Pelo menos dois políticos florestanos usaram as redes sociais na noite desta segunda-feira (7) para cobrar providências com relação à violência na “Terra dos Tamarindos”. A pequena cidade de apenas 30 mil habitantes vive dias de medo após onda de assassinatos.

As duas mortes registradas em menos de 12h no último domingo (6) foi a “gota d’água” para os florestanos. Por este motivo, várias pessoas estão se mobilizando para participar de uma passeata no próximo sábado (12). A concentração será às 16h30 em frente à Escola Deputado Afonso Ferraz, na zona urbana da cidade.

Leia a nota do deputado Federal kaio Maniçoba na íntegra:

Em menos de 24 horas dois homicídios consumados e duas tentativas que resultaram em ferimentos graves nas vítimas, ambas mulheres, mães, uma delas professora – mais uma, diga-se de passagem. Um dia como este já nos causaria indignação se estivéssemos falando de um fato isolado, mas, infelizmente, estes casos somam-se aos incontáveis homicídios ocorridos este ano em Floresta. Já nem sabemos precisar quantos foram até o momento.
O cidadão se vê encurralado, paga os impostos e ainda precisa pagar o alto preço da insegurança, ajustando sua vida as limitações que o medo impõe, transformando o cidadão de bem num verdadeiro prisioneiro.

Junto aos episódios recentes de mortes violentas, a explosão da onda de crimes contra o patrimônio.

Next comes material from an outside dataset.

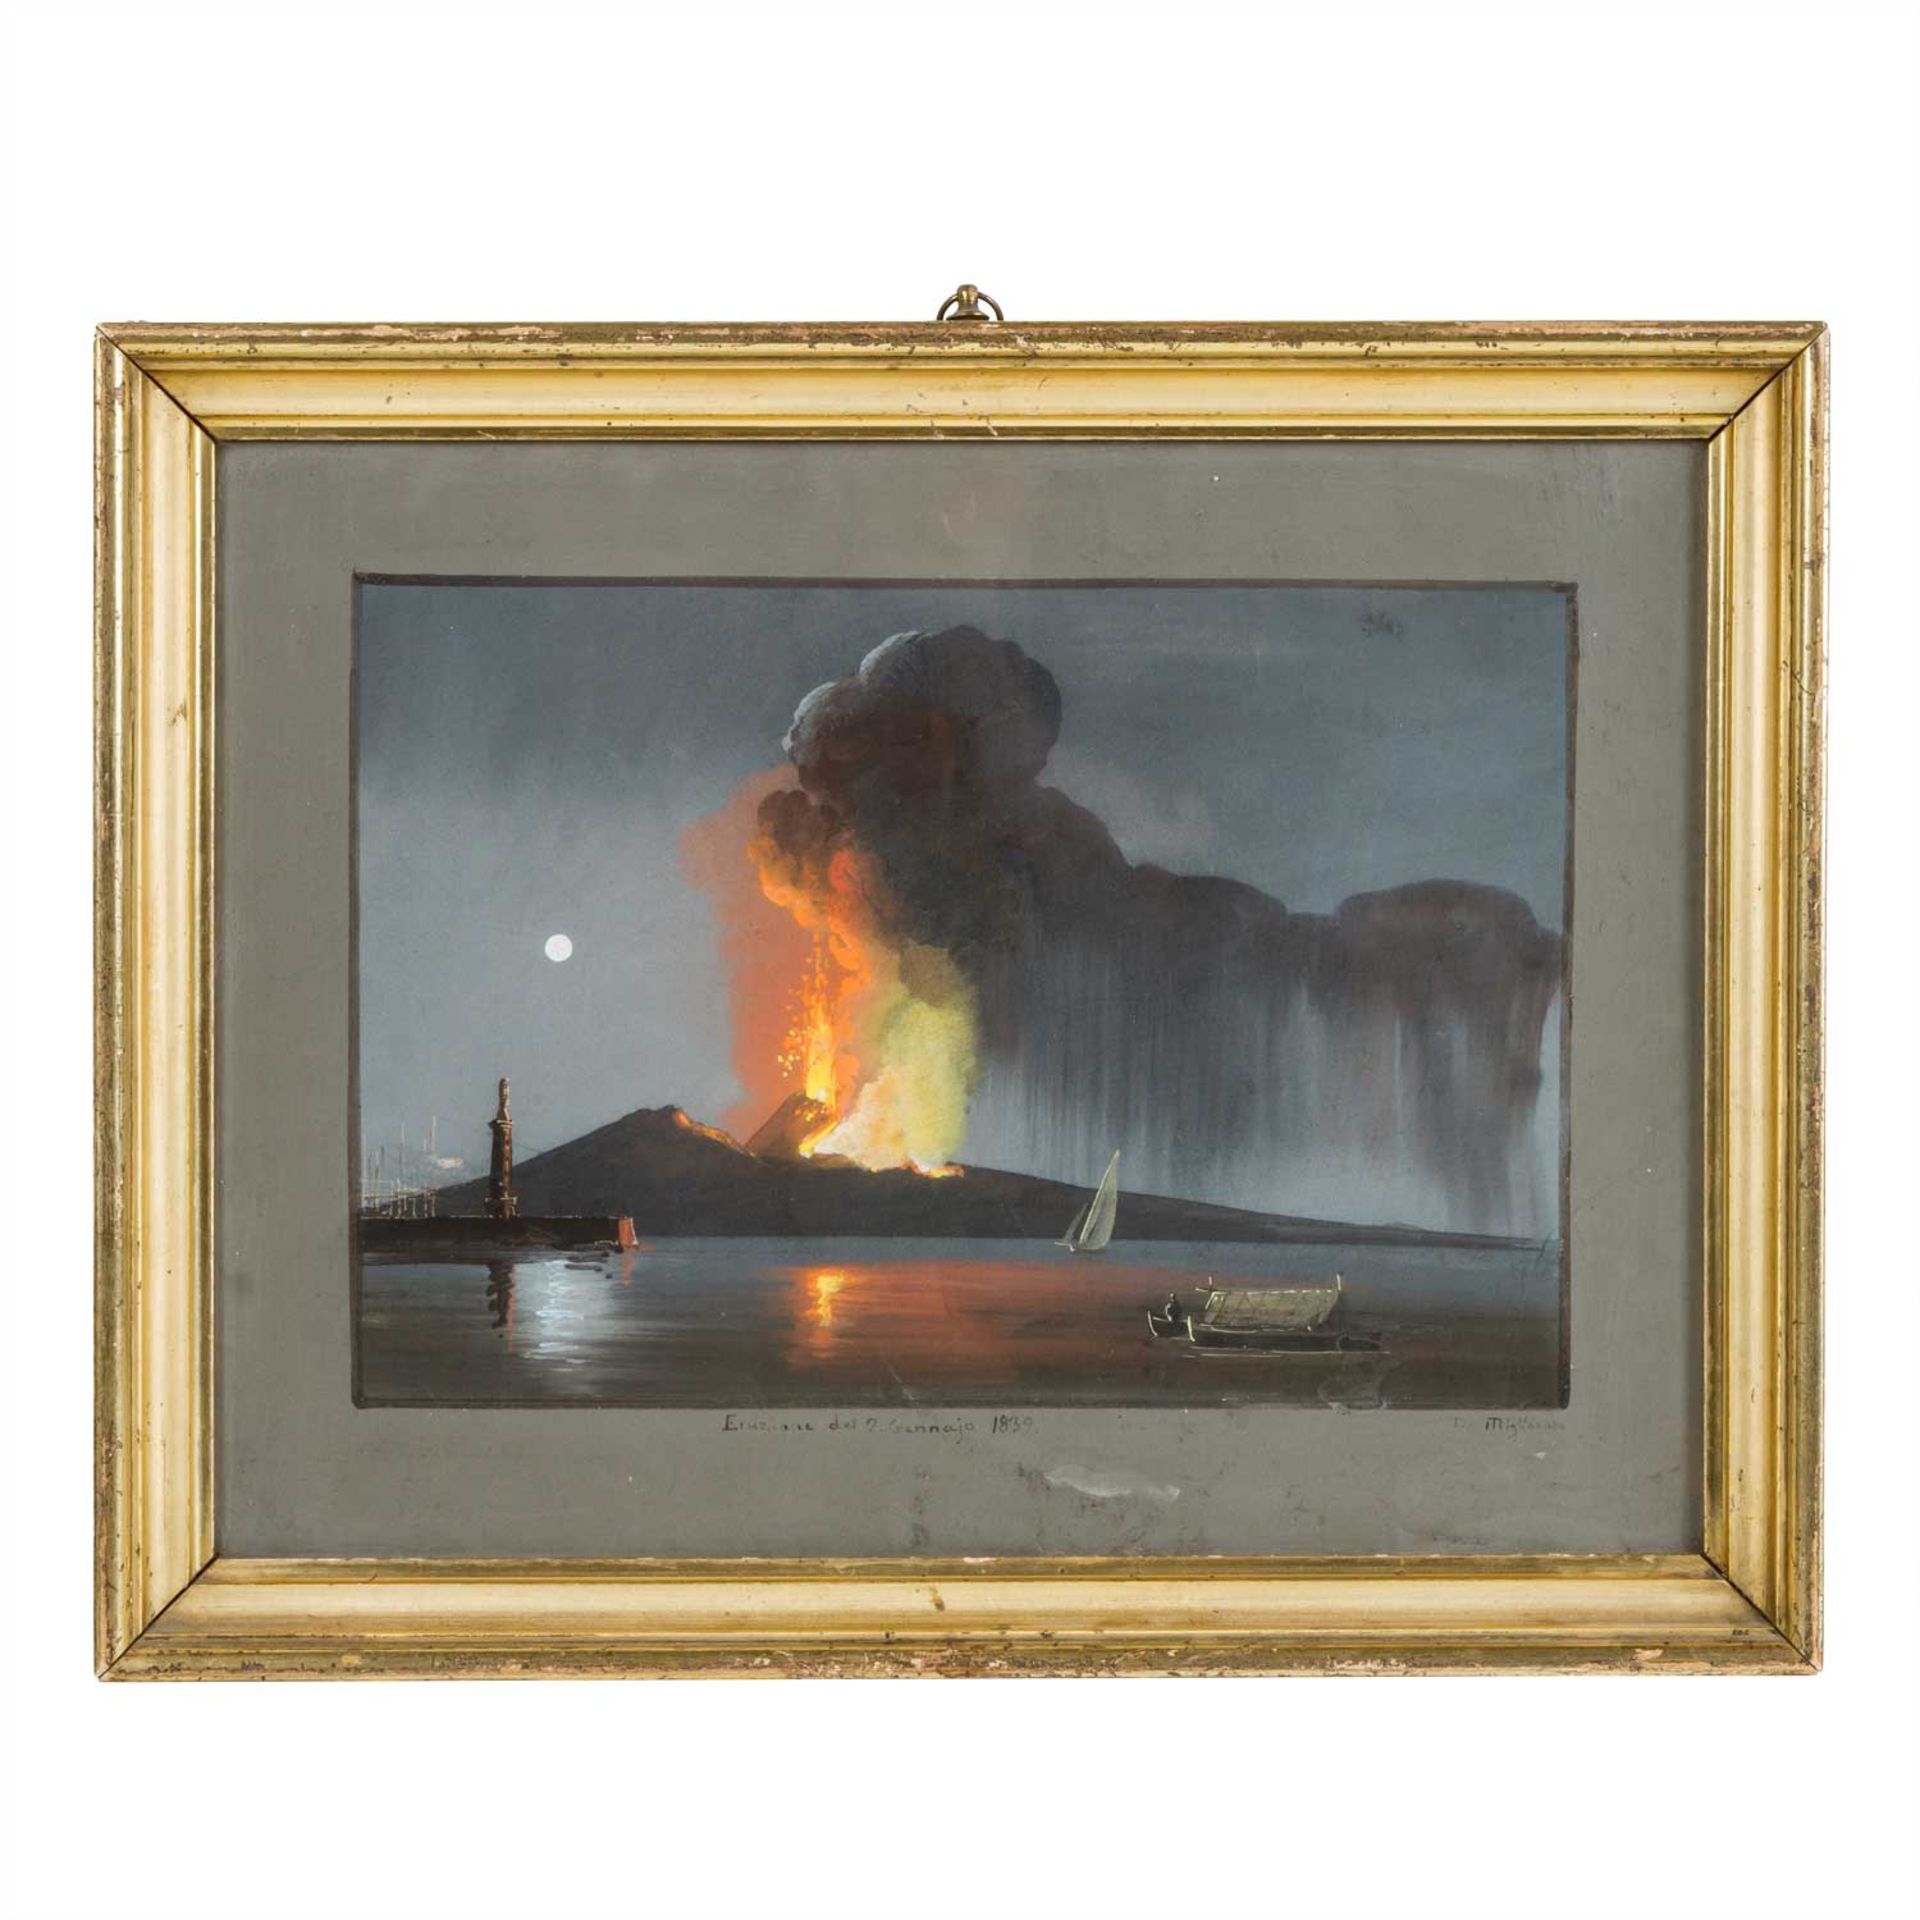 MIGLIORATO, D. (Künstler 19. Jh.), "Eruzione dal 2. Gennajo 1839",Neapel, Ausbruch de - Bild 2 aus 5

O retorno dos assaltos nas estradas, os furtos a estabelecimentos comerciais e residências e até mesmo pequenos assaltos a mão armada no meio da rua. 2015 viu a violência explodir em todo o estado e lamentavelmente Floresta é um dos maiores exemplos disso.
Como florestano e representante do povo quero dizer que estamos cansados. Chega! Exigimos providências.
Já passou da hora de nossa cidade receber um tratamento diferenciado por parte daqueles que pensam e executam as políticas públicas de segurança. 
Precisamos de uma força tarefa que investigue, desarticule e dê um freio na onda de crimes premeditados que estamos assistindo. Necessitamos de uma delegacia especializada nos moldes do Departamento de Homicídios e Proteção à Pessoa (DHPP). Precisamos ainda de maior efetivo policial militar para coibir o aumento de crimes ao patrimônio. Pelo porte e pela posição estratégica de nosso município, já merecemos sediar um batalhão de Polícia Militar.
Enfim, precisamos de respostas. Não podemos aceitar o atual cenário da forma como está, algo tem que ser feito, do contrário continuaremos a vivenciar o aumento desenfreado da violência. Não permitiremos que o crime paute a vida de nosso povo. 
Minha voz ecoa os inúmeros pedidos que tenho recebido, são telefonemas, mensagens, recados que traduzem a indignação de todo florestano que sente na pele o medo de viver numa cidade onde a segurança pública não tem funcionado a contento.
Como parlamentar quero informar que estarei entrando em contato com o a secretaria de defesa social para cobrar providências. Vou protocolar um documento fazendo um apelo em virtude dos graves acontecimentos e solicitando a tomada de medidas enérgicas em favor da segurança pública. Farei valer a vontade dos milhares de cidadãos que clamam por justiça e paz.
Leia a nota do deputado estadual Rodrigo Novaes na íntegra:

Shakespeare pensou sobre justiça algo que me chega à mente nesse instante:

“O contrário de injustiça não é justiça, mas sim o amor. Porque toda justiça que não se pratica por amor não é justiça, é vingança.”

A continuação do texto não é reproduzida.